# Freezer burn?



## BlackGSD (Jan 4, 2005)

There isn't any issue with giving dogs meat that has some freezer burn is there? My first thought it's no, I have eaten stuff that was slightly freezer burnt in the past and it hasn't hurt me any. (Just doesn't taste as good. But I don't think the dogs are going to mind. LOL ) But I also thought it wouldn't hurt to ask either. Trying to get rid of the last of last years venison since the 2011 season starts tomorrow.


----------



## onyx'girl (May 18, 2007)

You can feed freezer-burned meat. I'm sure your dogs will love the venison!

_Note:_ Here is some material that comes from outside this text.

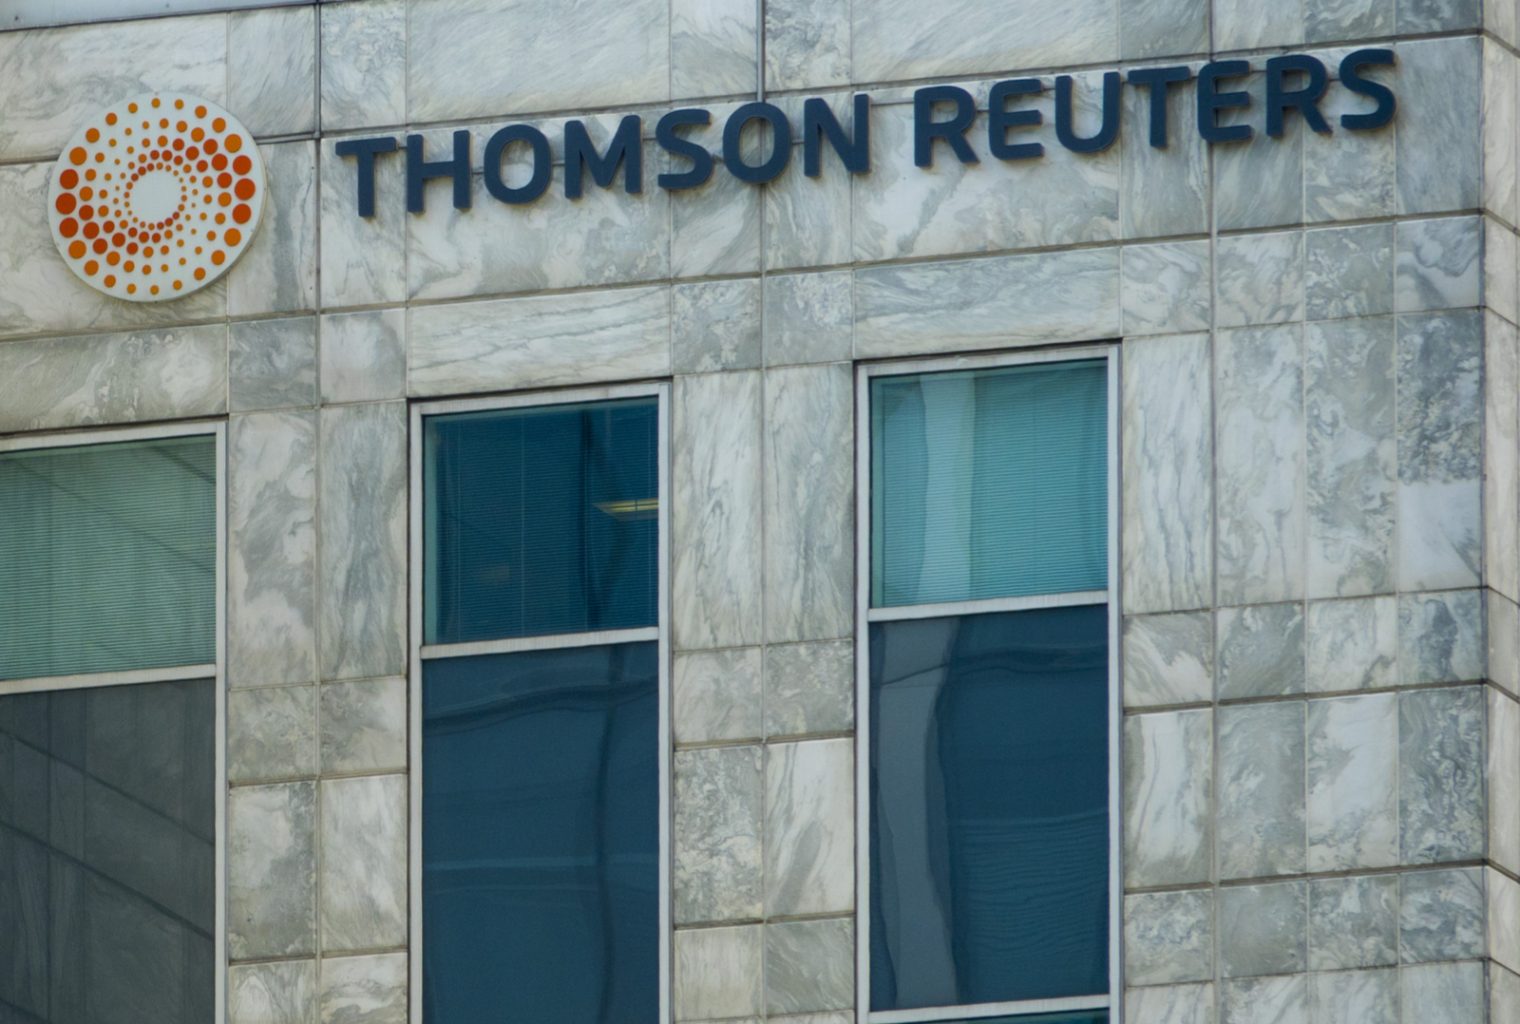 Reuters forex trading platform

If it was wrapped in paper, it probably isn't even burned.


----------



## VaBeachFamily (Apr 12, 2005)

Oh yes, if the season is starting, I should be getting more deer for my dogs! Always when the people want to make room for the new stuff! I get most of my dog's raw meat from people who won't eat it BECAUSE of freezer burn. Hasn't phased them a bit!


----------



## BlackGSD (Jan 4, 2005)

Thanks ladies. 

Thats what I thought. It is just in freezer zip lock bags. It IS freezer burned some. Mostly venison stew meat. Though I must say, I just used some of it to make stew for ME and just trimmed off the freezer burn. But the individual that bagged it filled up the GALLON sized bags. I don't need/want THAT much meat in my stew, there wouldn't be any room left in the Crock Pot for veggies!


----------



## Castlemaid (Jun 29, 2006)

Freezer burn is just a loss of moisture - alters the taste and texture so that us humans don't want it, but it is still perfectly good and safe. The dogs don't care, it's all the same to them.


----------



## Zisso (Mar 20, 2009)

I just picked up some beef that is freezer burnt (like super fb) It is from 2001 and I am feeding it. They have NO issues with it at all! Matter of fact, this is great stuff for them and the gobble it up like ice cream  Scored 100 lbs of beef and pork-the pork is from 2004. Dogs are happy and sassy


----------



## Rott-n-GSDs (Jul 7, 2010)

I post ads on Craigslist for old/unwanted/freezerburned meat. Definitely safe to feed.


----------



## BlackGSD (Jan 4, 2005)

Zisso said:


> I just picked up some beef that is freezer burnt (like super fb) It is from 2001 and I am feeding it. They have NO issues with it at all! Matter of fact, this is great stuff for them and the gobble it up like ice cream  Scored 100 lbs of beef and pork-the pork is from 2004. Dogs are happy and sassy



Holy COW!! Did someone forget they owned a freezer? LOL. Pretty bad when the dogs are eating meat that is older than they are! ("bad" as in funny.)


----------



## BlackGSD (Jan 4, 2005)

I'm going to attempt to make some venison "crunchies" too. Don't really want to be packing raw venison around in my pockets!


----------



## CookieTN (Sep 14, 2008)

I've fed two year old freezer-burnt meat. Aside from not liking fish all that much, Treader didn't care.


----------